Structural equation model from Leth-Steensen and Gallitto (2016) with paths labeled as a, b, or c′ paths.

Figure 2.

Figure 2.

Model 1 population values for structural equation model from Leth-Steensen and Gallitto (2016).

Figure 3.

Figure 3.

Model 2 population values for structural equation model from Leth-Steensen and Gallitto (2016).

The data generation and analysis was carried out in the Mplus 7.1 Monte Carlo routine (Muthén & Muthén, 1998-2013) with the exact input and output files provided in the original article, and with the seed provided by the authors of the original article. A second replication of the study used the run date as the seed. A current limitation of the Mplus internal Monte Carlo routine is that the bootstrap procedure is not available for each Monte Carlo generated data set. As a result, an external Monte Carlo study was performed, where individual data sets were generated, saved, and individually analyzed, with each having its own unique Mplus input and output file. Finally, the MplusAutomation package was used in the R statistical environment to process and extract parameter information from the Mplus output files (Hallquist & Wiley, 2013). Example syntax to automate the simulation and other resources are provided in the appendix. Given the complexity of how the results from the Mplus MODEL INDIRECT command are reported in the output file, the specific mediated effects were defined as new variables with the Mplus MODEL CONSTRAINT command as the products of individual paths that form the mediated effect. The reported mediated effect estimates and standard errors from the MODEL INDIRECT and MODEL CONSTRAINT commands are mathematically equivalent. The goal of using MODEL CONSTRAINT is to overcome the limitation of the original article of using automated software and not running the model replications by hand.

For each of the models, 500 data sets were generated and analyzed with sample sizes of 150 and 400 cases (only two conditions per model). Four specific mediated effects were tested, where three of them consisted of two paths and one consisted of three paths. The main goal was to compare the proportions of times the overall specific mediated effects were statistically significant across seven different statistical methods. Both the statistical methods used in the original article (Leth-Steensen & Gallitto, 2016) are presented (i.e., the test of joint significance and the significance test using the BC bootstrap standard errors). Five additional methods that build confidence intervals around the mediated effect estimate are presented: the BC bootstrap, percentile bootstrap, distribution of the product, Monte Carlo method, and the asymptotic normal theory test.

Statistical Tests in the Original Article

For the test of joint significance, the proportion of times in which each of the components of the mediated effect (i.e., paths) were jointly significant was calculated. For the BC bootstrap, 1,000 bootstrap samples per generated data set were drawn and the sampling distribution was used to estimate a BC bootstrap standard error. The proportion of times the estimate of the mediated effect divided by the BC bootstrap standard error was statistically significant was recorded. A limitation of this method is that using the BC bootstrap standard error when creating a test statistic (i.e., Z = ab/BC bootstrap standard error of ab) assumes that the estimate of the mediated effect is normally distributed, which is rarely the case (MacKinnon, 2008; MacKinnon et al., 2007). As a result, alternative approaches to forming confidence intervals were investigated.

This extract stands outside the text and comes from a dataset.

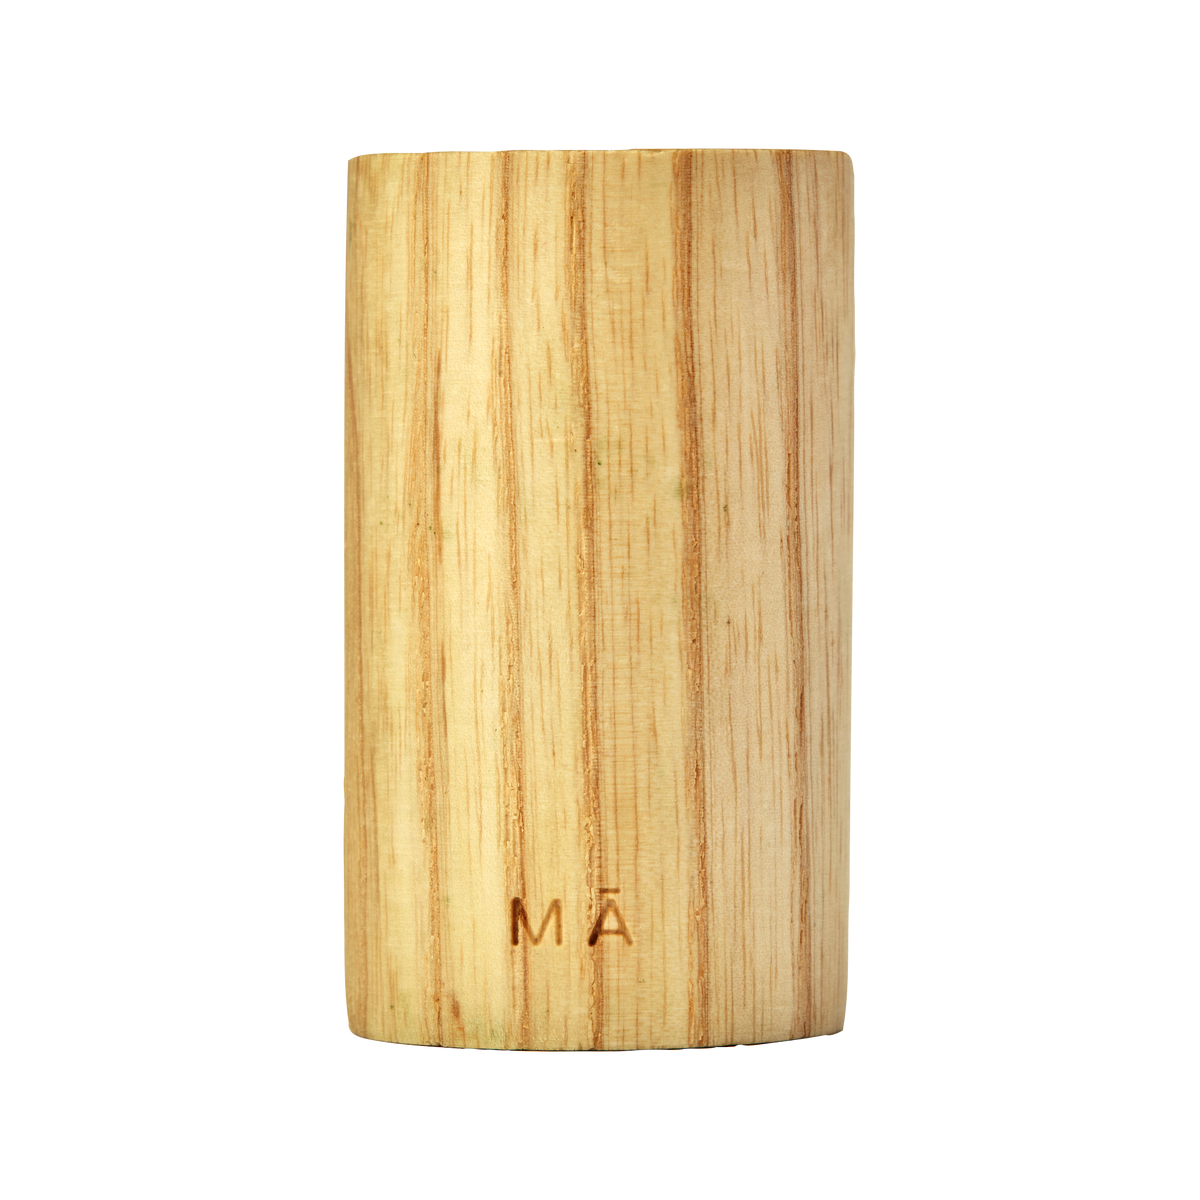 Daroma™ Wooden Diffuser – Daroma™ Natural Wellness

Proposed Statistical Tests

To overcome the limitation of the significance test using the BC bootstrap standard error, BC bootstrap confidence intervals were requested in Mplus. The proportion of times the confidence intervals for the estimate of the mediated effect did not contain zero was recorded. However, the BC bootstrap has inflated Type 1 error rates for certain parameter combinations, whereas the percentile bootstrap does not (MacKinnon et al., 2004). Consequently, percentile bootstrap confidence intervals were also requested in Mplus. The RMediation package in the the R statistical environment was used to calculate confidence intervals using the distribution of the product, Monte Carlo methods, and the asymptotic normal theory test (Tofighi & MacKinnon, 2011).

For the distribution of the product method, confidence intervals are determined based on an analytical solution for the distribution of the product of the two coefficients (Meeker & Escobar, 1994). An advantage of the distribution of the product method is that the analytical solution takes into account that the component paths of the specific mediated effect can be correlated. For the Monte Carlo method, the sample estimates for the mediated effect in each generated data set were used as population values and confidence limits were calculated in the sampling distribution of 1,000 Monte Carlo samples (MacKinnon et al., 2004). Finally, for the normal theory test, the analytical formula for the standard error of two normal random variables was used (see Equation 5) to form the confidence interval for the mediated effect estimate. The proportion of times that zero was not included in the estimated interval was recorded for all described interval estimation methods. The distribution of the product and the asymptotic normal theory test can only be computed for mediated effects consisting of two paths and Monte Carlo confidence limits can only be computed for mediated effects consisting of more than two paths in a beta version of an updated RMediation package (see Tofighi & MacKinnon, 2016). Therefore, the distribution of the product, Monte Carlo method, and the asymptotic normal theory test are not presented for the mediated effect composed of three paths.

Results

The first goal of the two replication studies of the simulations in the article by Leth-Steensen and Gallitto (2016) was to compare the power and Type 1 error rates of the test of joint significance and the BC bootstrap point estimates divided by the corresponding BC bootstrap standard errors and investigate the correlations between the a and b paths. Table 1 contains the average correlations for the a and b paths for the two path mediated effects across both replications, Model 1 and Model 2, and both sample sizes. Because the average correlations were negative and the a and b paths were both positive, the test of joint significance will have less statistical power than a test of the mediated effect that takes these correlations into account. That is, when both the a and b paths are positive and the correlation between these paths is negative, the standard error of the mediated effect that takes this correlation into account will be smaller than the standard error of the mediated effect that ignores this correlation thus resulting in more precise confidence intervals around the estimated mediated effects. Although the point estimate of the mediated effect will be smaller when taking this negative correlation into account (see Equation [6]), the standard error in Equation (5) is smaller relative to the standard error in Equation (4) than the point estimate of the mediated effect in Equation (6) relative to the point estimate of the mediated effect that does not take this correlation into account.

Table 1.

Average Correlations Between a and b Paths for Two-Path Mediated Effects.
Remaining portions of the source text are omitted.